Senin, 22 Februari 2016

Gencatan Senjata, Oposisi Suriah Desak Rusia Setop Serangan


Gencatan Senjata, Oposisi Suriah Desak Rusia Setop Serangan Kelompok oposisi Suriah sepakat untuk menerapkan gencatan senjata dengan syarat Rusia menghentikan serangan udara. (Reuters/Hosam Katan)
 
 
Jakarta, CB -- Berbagai kelompok oposisi Suriah sepakat untuk menerapkan gencatan senjata dengan syarat Rusia menghentikan serangan udaranya, pengepungan wilayah berakhir dan akses untuk bantuan diberikan untuk seluruh wilayah.

Rusia memulai serangan udara di Suriah sejak September lalu dalam upaya untuk mendukung Presiden Bashar al-Assad. Rusia mengklaim serangan udara mereka menargetkan kelompok militan, seperti ISIS dan Front al-Nusra. Namun, Amerika Serikat dan sekutunya menilai serangan udara Rusia menargetkan kelompok pemberontak yang menentang Assad.

Sejumlah upaya untuk menyepakati gencatan senjata di Suriah melalui dialog dalam beberapa bulan terakhir kerap gagal. Kini, kelompok oposisi Suriah sepakat untuk menerapkan gencatan senjata selama dua hingga tiga pekan jika Rusia berhenti membombardir mereka.

"Sudah sangat jelas sekarang bahwa [kelompok] oposisi bersedia untuk menerapkan dua sampai tiga pekan gencatan senjata, dan [kesepakatan] itu terbuka untuk diperpanjang jika kedua belah pihak bersedia untuk memperbaharuinya," kata sumber yang dekat dengan dialog perdamaian Suriah kepada Reuters, Sabtu (20/2).

Sumber itu juga menyebut bahwa pihak oposisi ingin agar sejumlah tahanan yang rentan, seperti perempuan dan anak-anak, untuk dibebaskan.

Gencatan senjata akan dapat diperpanjang dan didukung oleh semua kelompok opoisis, kecuali ISIS. Sumber itu juga menyebutkan gencatan senjata kepada afiliasi al-Qaida di Suriah, Front al-Nusra, akan terjadi jika mereka tidak lagi menjadi sasaran.

Namun, Front al-Nusra hingga saat ini dianggap sebagai organisasi teroris yang dilarang oleh Dewan Keamanan PBB.

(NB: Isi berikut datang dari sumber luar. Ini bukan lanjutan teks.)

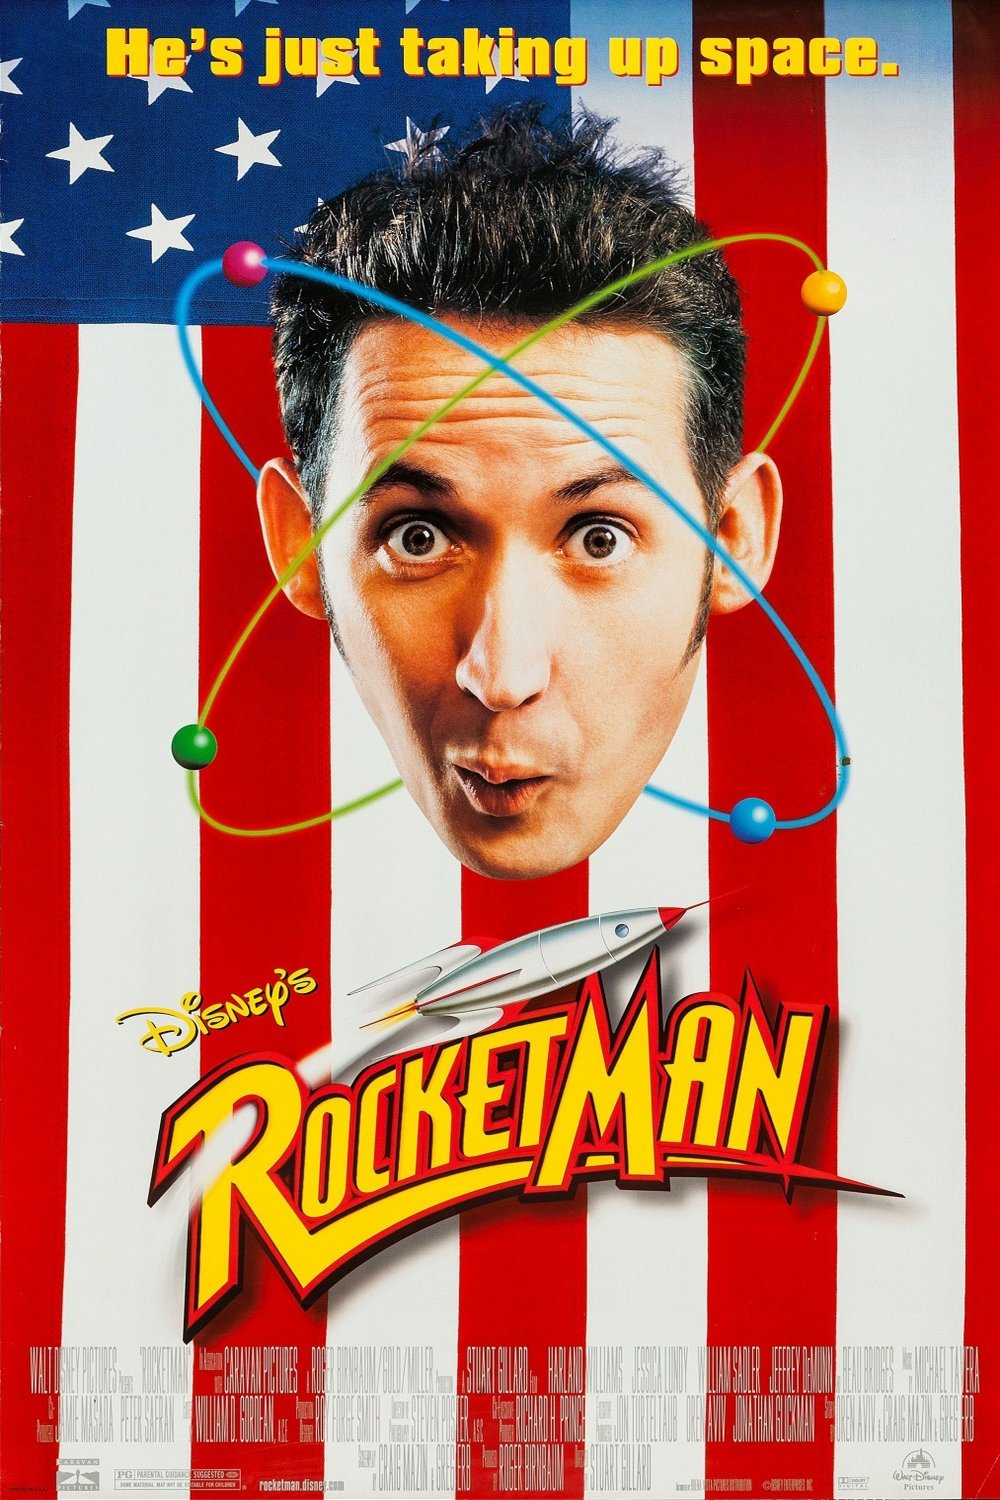 Poster of the movie RocketMan
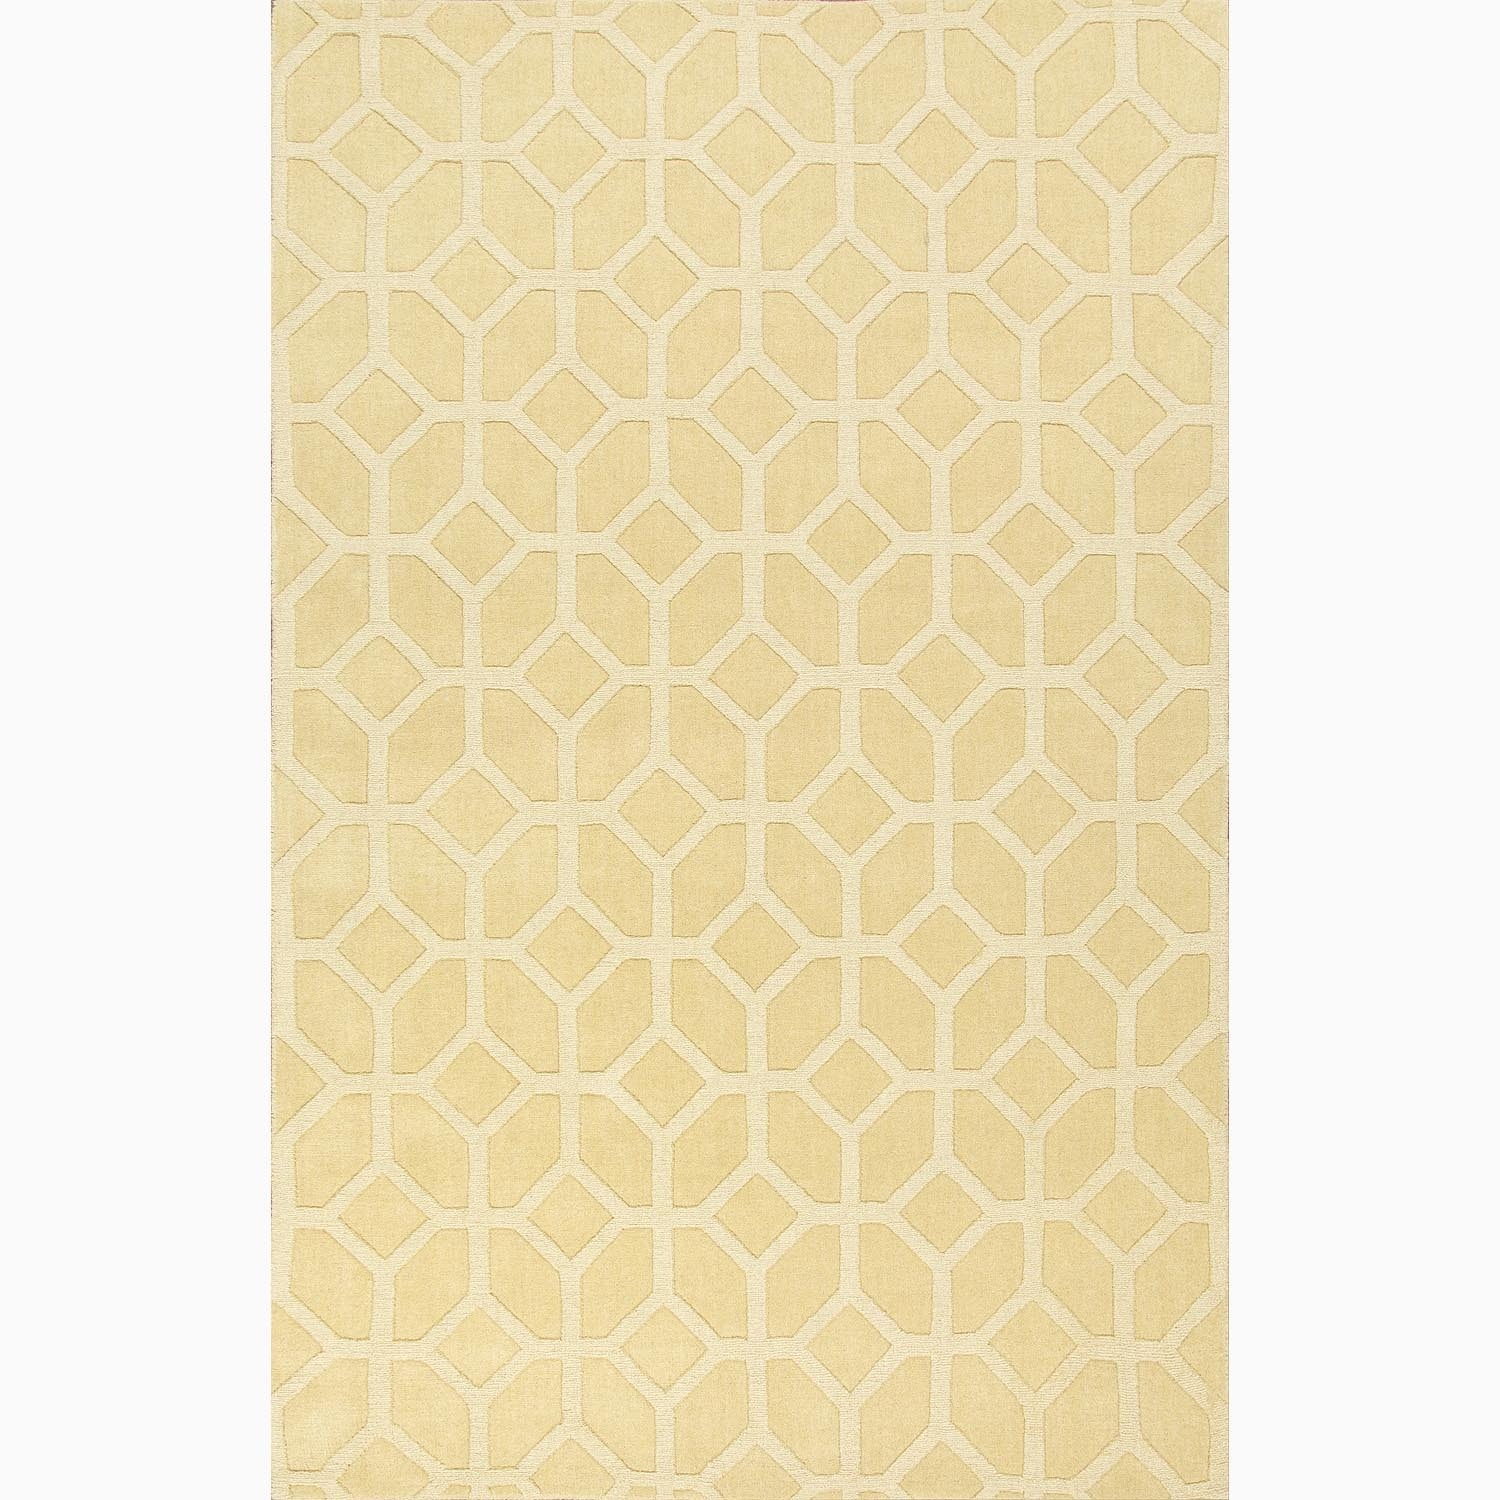 Hand made Yellow/ Gold Wool Textured Rug (8x11)

Ditanya apakah desakan oposisi agar Nusra tidak lagi menjadi sasaran merupakan batu sandungan utama dalam diskusi itu, sang sumber menggambarkannya sebagai "hambatan besar di dalam ruangan".

"Mereka harus berurusan sangat hati-hati dengan hal ini, atau mereka akan berakhir dengan perang saudara di Idlib," kata sumber tersebut.

Pejuang Nusra beroperasi bersama kelompok pemberontak lain di beberapa daerah, termasuk Idlib.

Selain itu, mengakhiri pengepungan terhadap warga sipil juga menjadi kunci dalam pembicaraan untuk mengakhiri konflik yang diperkirakan telah menewaskan lebih dari 250 ribu orang tersebut.

PBB memperkirakan sekitar 486.700 terkepung di 15 wilayah di Suriah. Sementara, 4,6 juta lainnya di sejumlah daerah yang sulit dijangkau. Di beberapa daerah, terdapat sejumlah laporan kematian karena kelaparan dan gizi buruk akibat pengepungan ini.

Sementara di Jenewa, Rusia dan AS bersama-sama memimpin rapat PBB yang bertujuan untuk mencoba mencari solusi perdamaian atas konflik di Suriah yang telah memasuki tahun kelima.

Menurut diplomat yang tak ingin dipublikasikan namanya, pejabat militer AS dan Rusia bertemu empat mata pada Jumat (19/2) sebelum rapat PBB digelar.